The search giant also announced new AI-driven formats to create ads driving people toward a purchase, more ways for brands to have a visual identity on Google and new tools using AI to generate creative assets.

“We believe the investments will put Google at the forefront of this AI paradigm shift,” said Kristen O’Hara, vp of agency, platforms and client solutions at Google, at a press event ahead of GML in New York.

Enhancing the consumer journey

Google is making it easier for brands to guide customers toward a purchase with the help of AI.

For example, with a new AI search experience, someone searching for storage facilities might click on the ad of a particular brand. Then the user could upload photos of the items they needed stored, and that storage site could recommend the most suitable containers.

Google executives said this new format was in early tests and wouldn’t share further examples of how this might work outside of this storage example.

Google is also expanding its virtual try-on technology to advertising, specifically for men’s and women’s tops in the apparel category. The tech lets shoppers see clothing on various body types.

Visual upgrade

Google has also rolled out tools to make brands look more compelling in Search and Shopping results.

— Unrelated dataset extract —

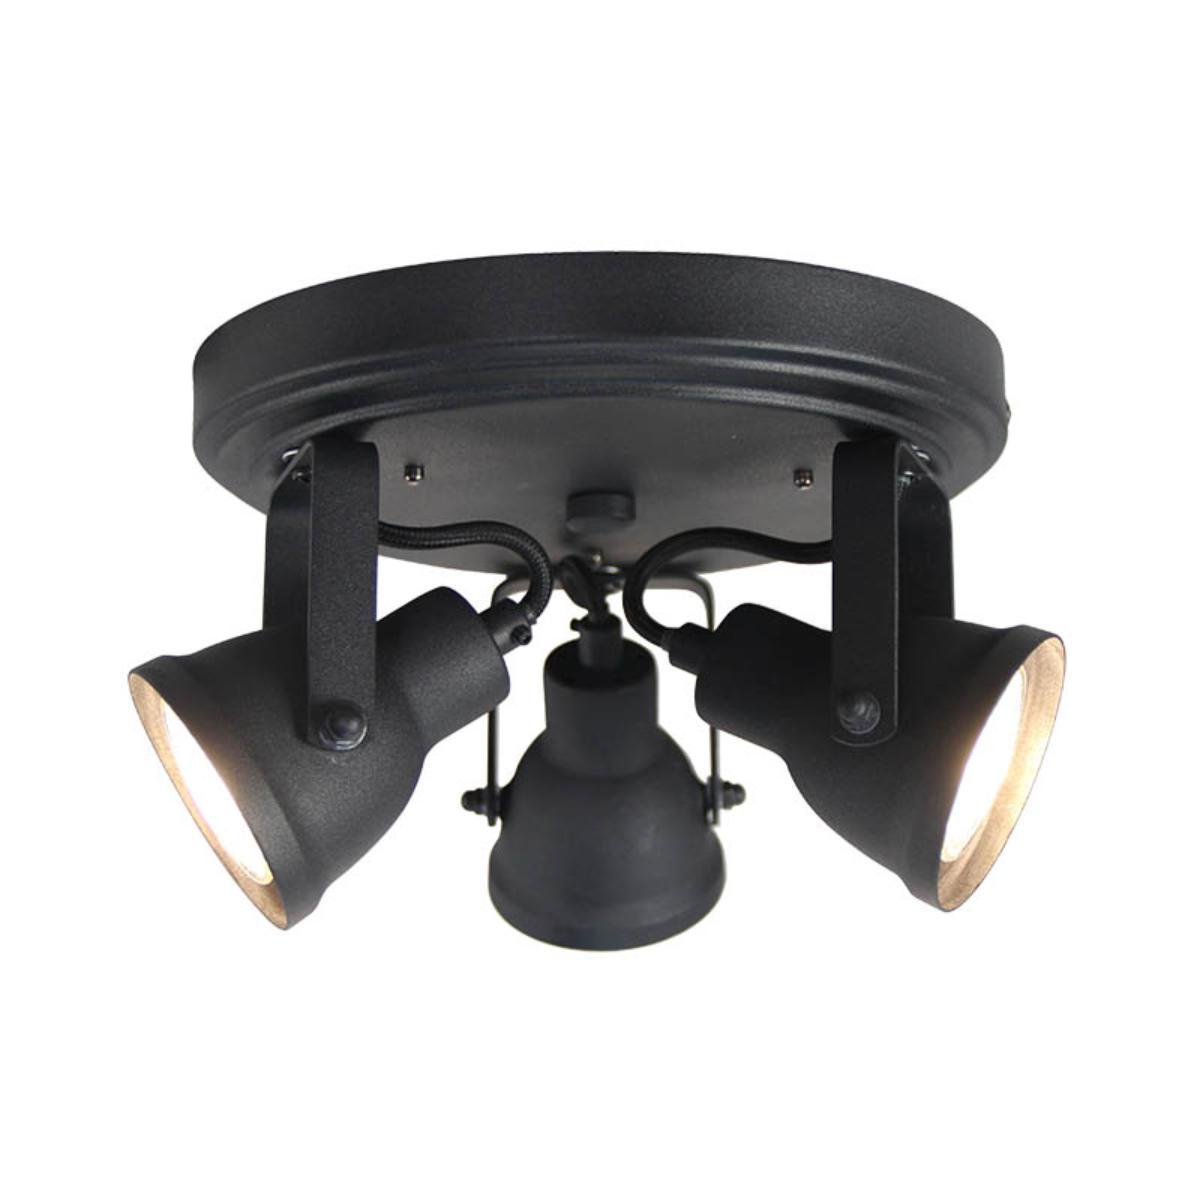 LABEL51 Spot Max led - Zwart - Metaal - 3 Lichts

When users search for a brand, Google will create a visual profile for that company: a collage of images, videos and other information that comes from what the brand has already uploaded into Google and Google’s Shopping Graph, a data set of what Google knows about the world’s products and sellers.

An example of Google’s new visual brand profiles.Google

Additionally, Google is letting brands link short-form videos to their Shopping ads. Searching for a shirt in Shopping results could pull up a clip of how it looks on a creator, or different ways to style it.

Like other platforms, Google also announced generative AI tools for creative. They include the ability to generate videos from a single photo within Google’s Product Studio suite, and the ability for brands to give guidelines to the AI-buying tool Performance Max on attributes like font and color, which the tool will then use in image generation.